• [ASSIGNED TASK]:
Copy all data exactly. Skip pictures.

• [DATA SEGMENT]:
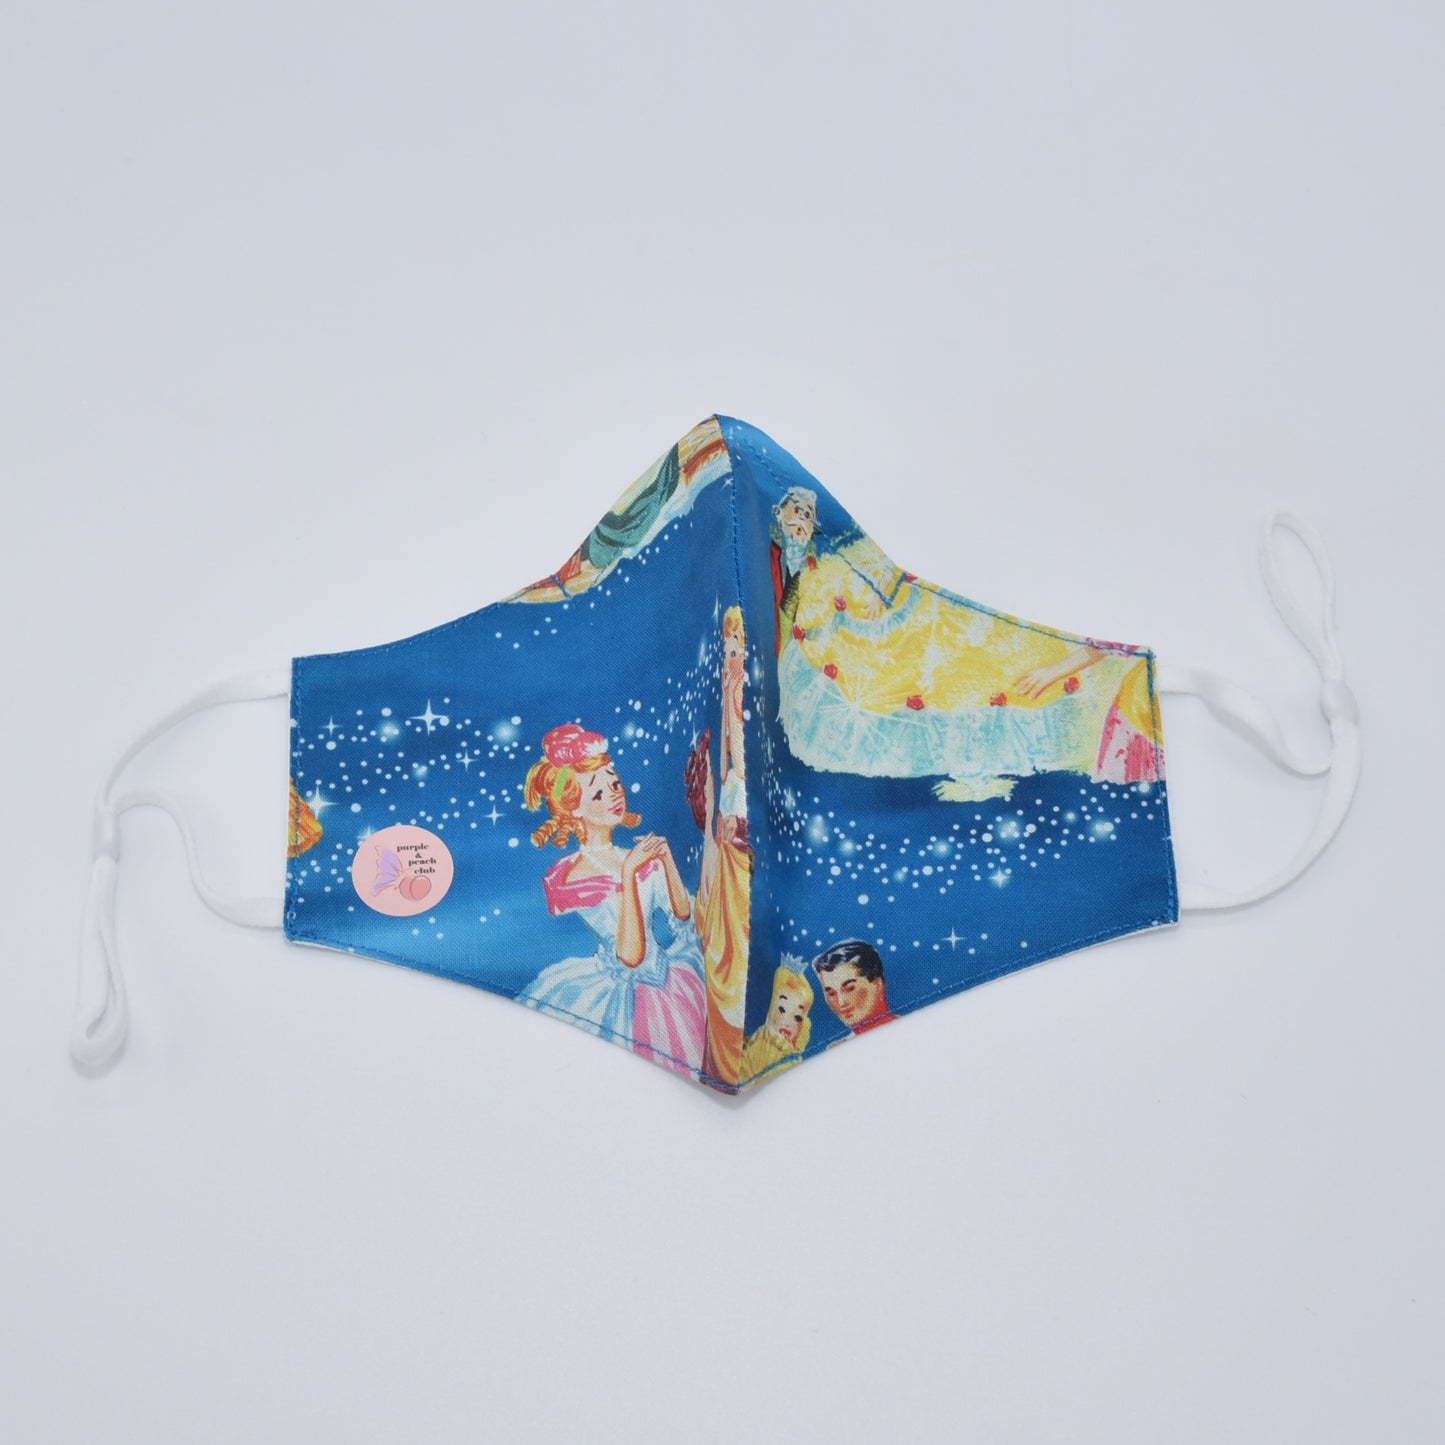 This cinderella print cotton face mask is reversible and double-layered, built for comfort with an adjustable nose bridge and adjustable ear straps. 
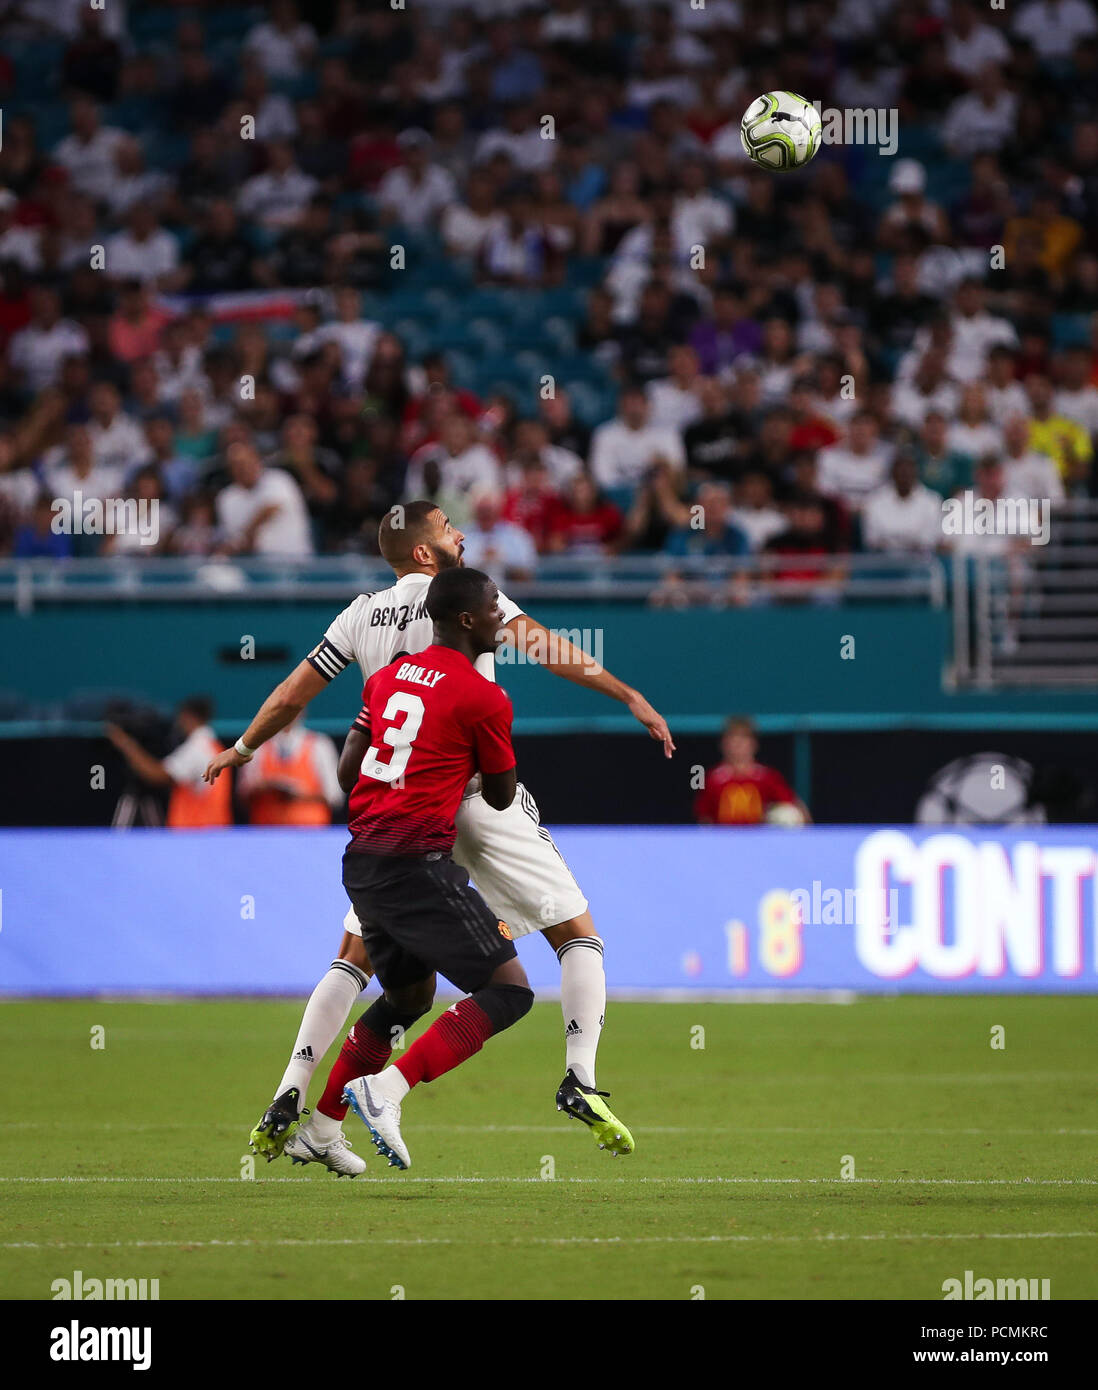 Miami Gardens, Florida, USA. 31st July, 2018. Real Madrid C.F. forward Karim Mostafa Benzema (9) and Manchester United F.C. defender Eric Bailly (3) anticipate a header during an International Champions Cup match between Real Madrid C.F. and Manchester United F.C. at the Hard Rock Stadium in Miami Gardens, Florida. Manchester United F.C. won the game 2-1. Credit: Mario Houben/ZUMA Wire/Alamy Live News Stock Photo
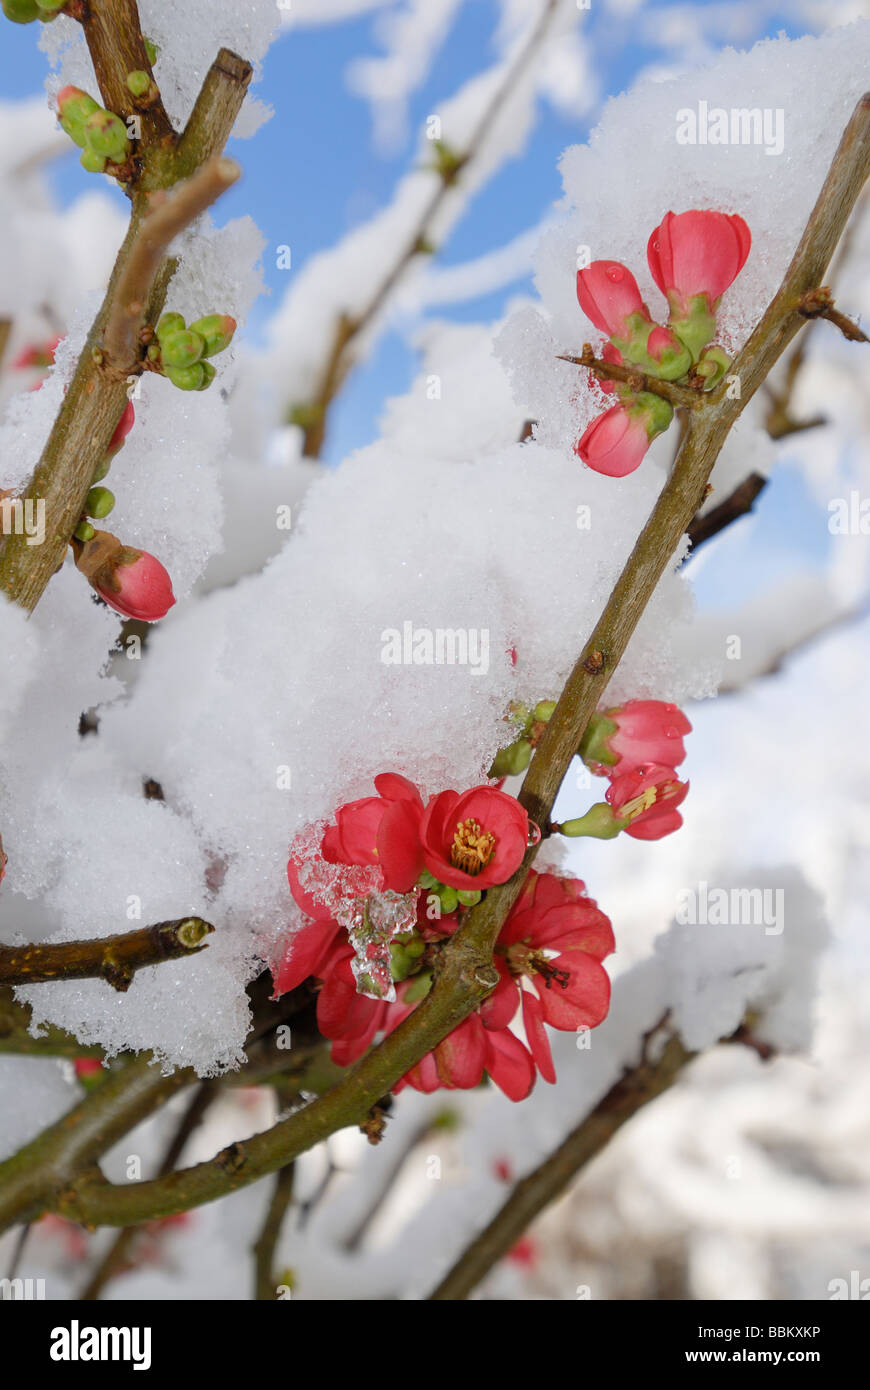 Forsytia blossom covered with snow Stock Photo

• [FINISHED TASK]:
 This cinderella print cotton face mask is reversible and double-layered, built for comfort with an adjustable nose bridge and adjustable ear straps. 
 Miami Gardens, Florida, USA. 31st July, 2018. Real Madrid C.F. forward Karim Mostafa Benzema (9) and Manchester United F.C. defender Eric Bailly (3) anticipate a header during an International Champions Cup match between Real Madrid C.F. and Manchester United F.C. at the Hard Rock Stadium in Miami Gardens, Florida. Manchester United F.C. won the game 2-1. Credit: Mario Houben/ZUMA Wire/Alamy Live News Stock Photo
 Forsytia blossom covered with snow Stock Photo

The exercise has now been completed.